Rating: Summary: Third Earl Swagger Novel is okay, but Not the Best of them Review: After "Hot Springs" and especially after "Pale Horse Coming" I couldn't wait to get a look at the latest of the Earl Swagger novels, "Havana." Unfortunately though, Hunter just didn't deliver in this third installment. In the back of the book, Stephen Hunter acknowledges that A) he was struggling to write this next novel and B) the idea to send Earl to Havana was not his idea. Personally, I believe this shows through in places. At times it almost seemed that Earl didn't fit in with the plot, was kind of made to fit even. Yes, the gunfights and such persist. We even see Earl in the role of "sniper" (see Hunter's incredible book "Point of Impact" for a great sniper novel) but it's not enough to win over a tried and true Stephen Hunter fan. Hunter has done better. The good points though are the return of Frenchy Short, a great character from the first Earl novel, "Hot Springs." The setting for pre-Castro Cuba and the interesting historical twist of including Fidel as a key character are also well done. Unfortunately, Hunter seems to get too caught up with these other characters and misses the fact that it's our hero Earl that we've come to hear about.
Rating: Summary: A little dull and predictable Review: Not Hunter's best work by far. It seemed to be a book with no purpose. The life of Earl Swagger didn't change much due to the actions taken in the book and you feel as though the whole book ought not to have happened at all. Disappointing.
Rating: Summary: The law of diminishing returns Review: Hunter squeezed another Earl story out of the limited timeline he'd constructed for himself, and this one feels contrived. There is still a good amount of enjoyable stuff. The set piece where Earl senses danger and avoids a trap has the excitement of the better efforts in the series. Some of the minor characters are well-drawn too, such as Roger the ineffectual pretty-boy Harvard man.
But I've had enough of the technical gun business, and another annoying aspect for me was the sloppiness in little things. Frankie talks one way when he's first introduced and then another later on. Another minor character starts as a Yale man, then later he's Harvard. And there was an awful lot of misspelling that the editors could/should have caught.
I ripped through it on a plane and then left it behind.

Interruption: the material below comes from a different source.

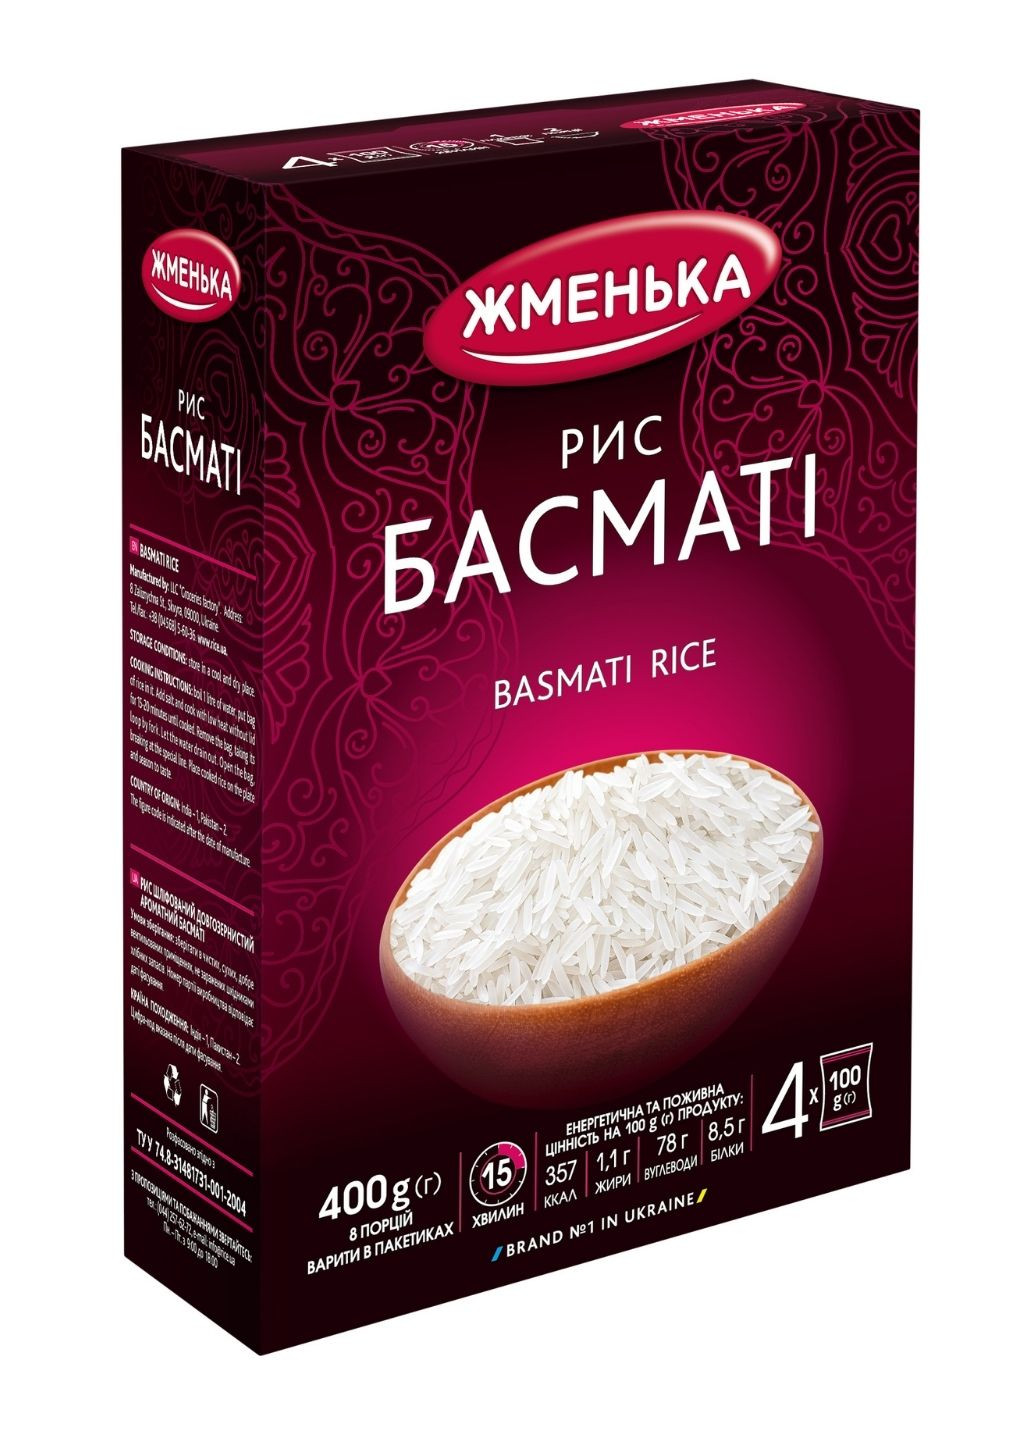 Рис Басмати в пакетиках для варки 4 шт х 100 г Жменька (244010492)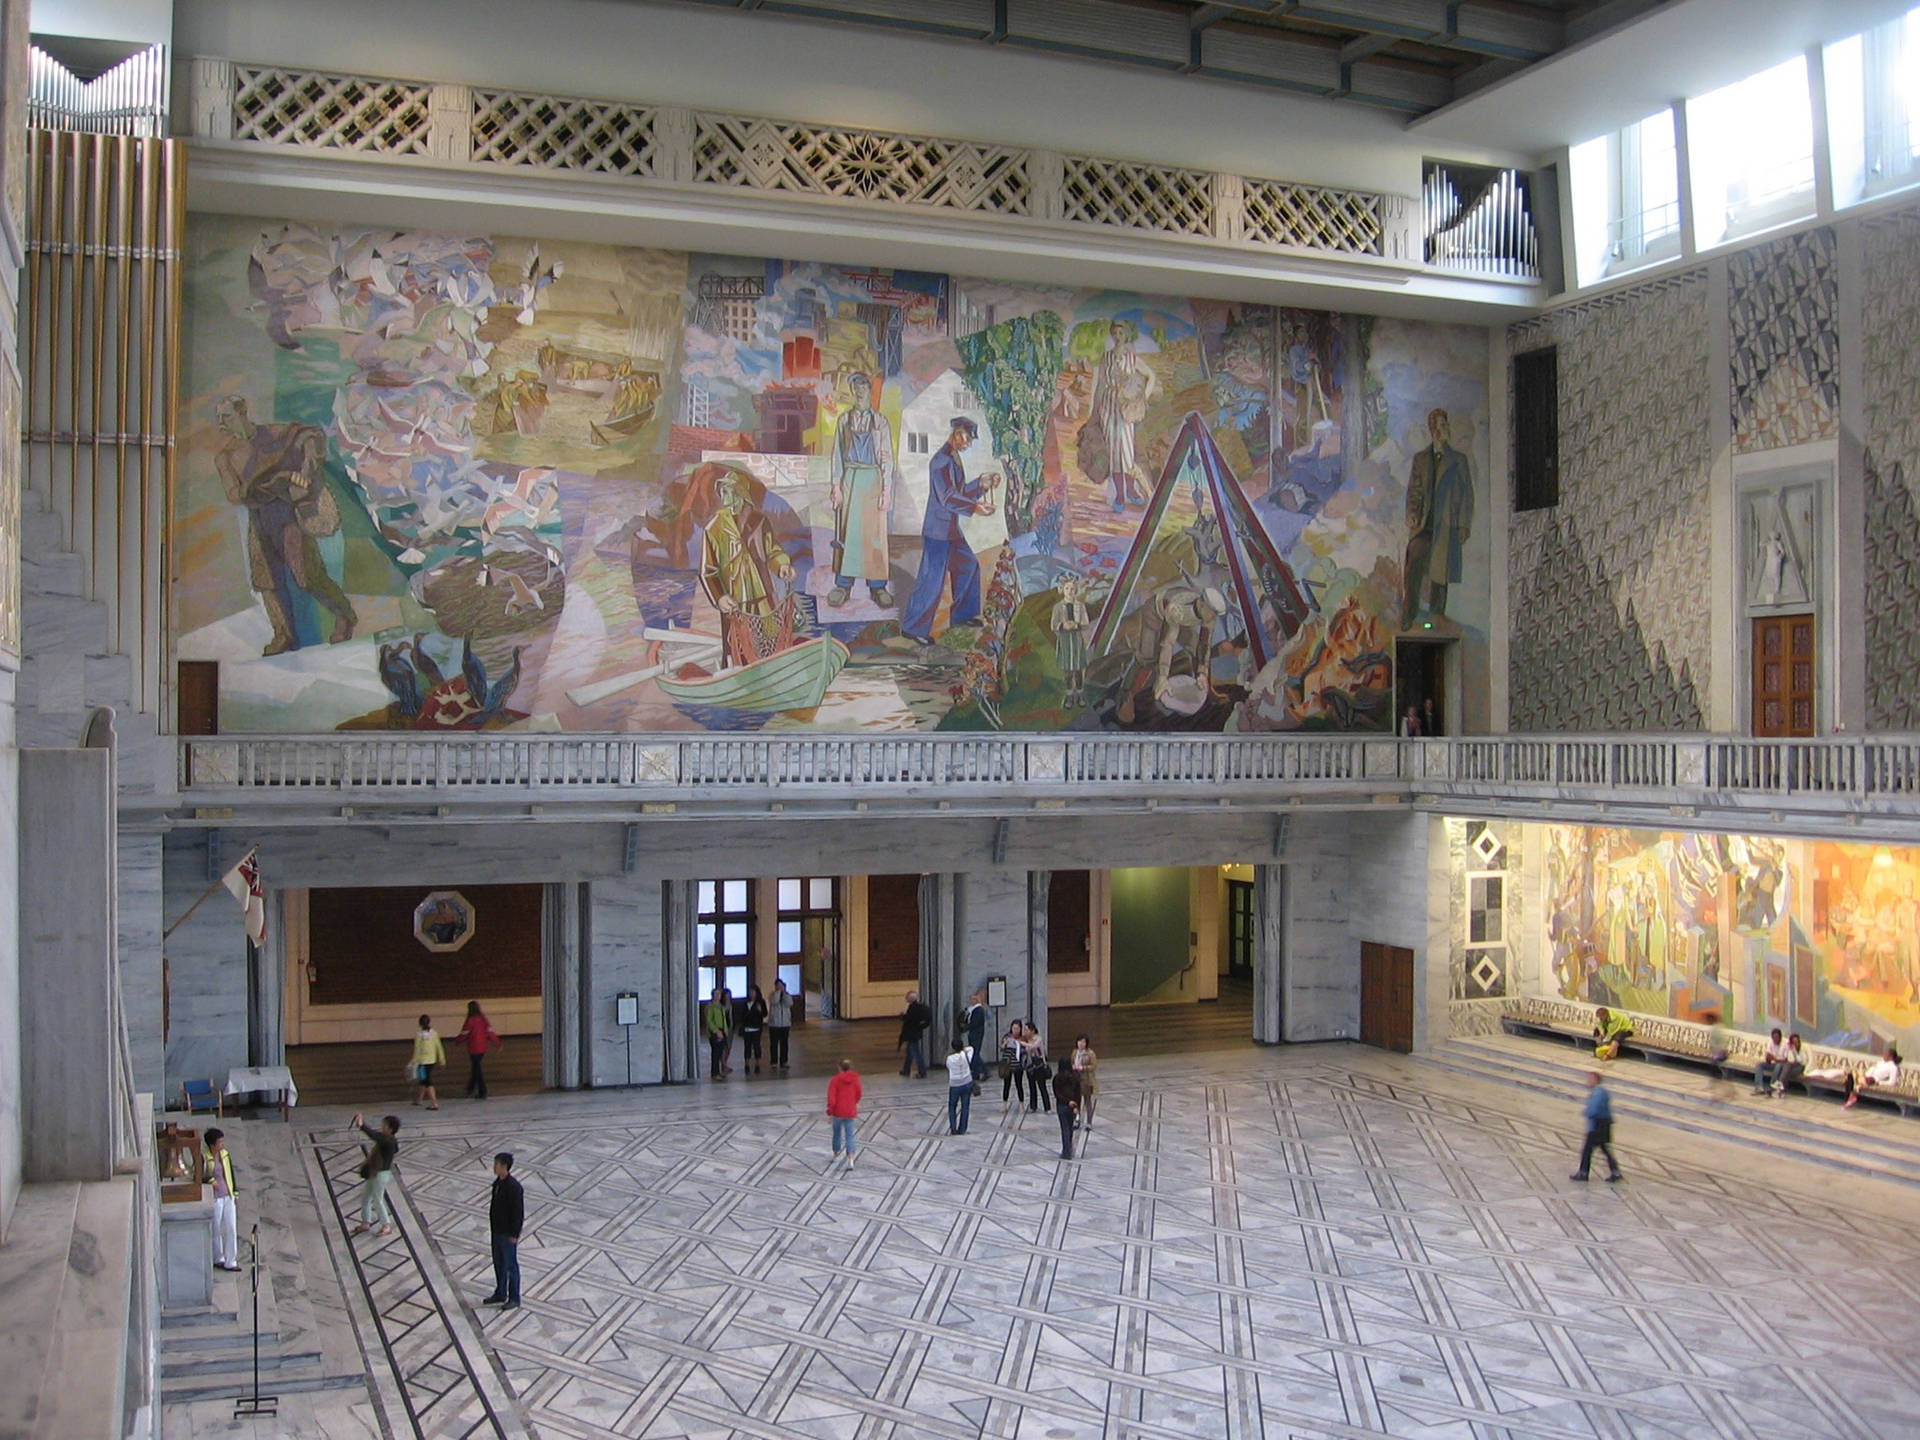 Oslo Mural Wallpaper

Rating: Summary: A good adventure thriller set in 1950s Cuba Review: This is a good one. Besides Hunter's continuation of the Swagger family history, a plus in itself, it is also replete with historical and semi-historical material which brought back memories. In one incident, Gunter sort of "took a shot" at Papa Hemingway--made him out to be a drunken boor--and maybe he was, but I loved Hemingway's writing, and thought better of him. It reminded me a little of what Steinbeck did to the memory of Doc Ricketts, in Cannery Row and Sweet Thursday. Ir made Steinbeck very unpopular with the people in the MOnterey area that I knew who knew and admired Ricketts.
But, all this is really beside the point: if you are writing about that period in Cuba, and you leave out Castro and Trujillo, you may as well have written about Long Island. He works them in nicely--especially Fidel.
So, this is another great novel from the mind of Stephen Hunter. It is well-written, as are they all, and entertaining, exciting, suspensefull, and makes you come back for more.
Very good. even if he does knock the Navy from time to time.
Joseph (Joe) Pierre, USN (Ret)
Rating: Summary: Disappointing Review: I am a huge Stephen Hunter fan but 'Havana' was a big disappointment. It should have been called 'A Book-Too-Far'.
Rating: Summary: Trying to hard Review: I've been reading Hunter for years and this is the first time I've been disappointed by one of his books. There's just to much cute about the characters and what they say and do. I especially found Short and Speshnev to be below his usual standards. As a film critic Hunter should know better then to write about "B Movie" characters. Most appalling was his portrayal of Meyer Lansky. Meyer was a gangster, not some ones wise old granddad. (Note to SH.. Lansky would never call anyone a "schmata" a rag, he'd call him a "gonif" which is a crook.) It was a poor end for a great series.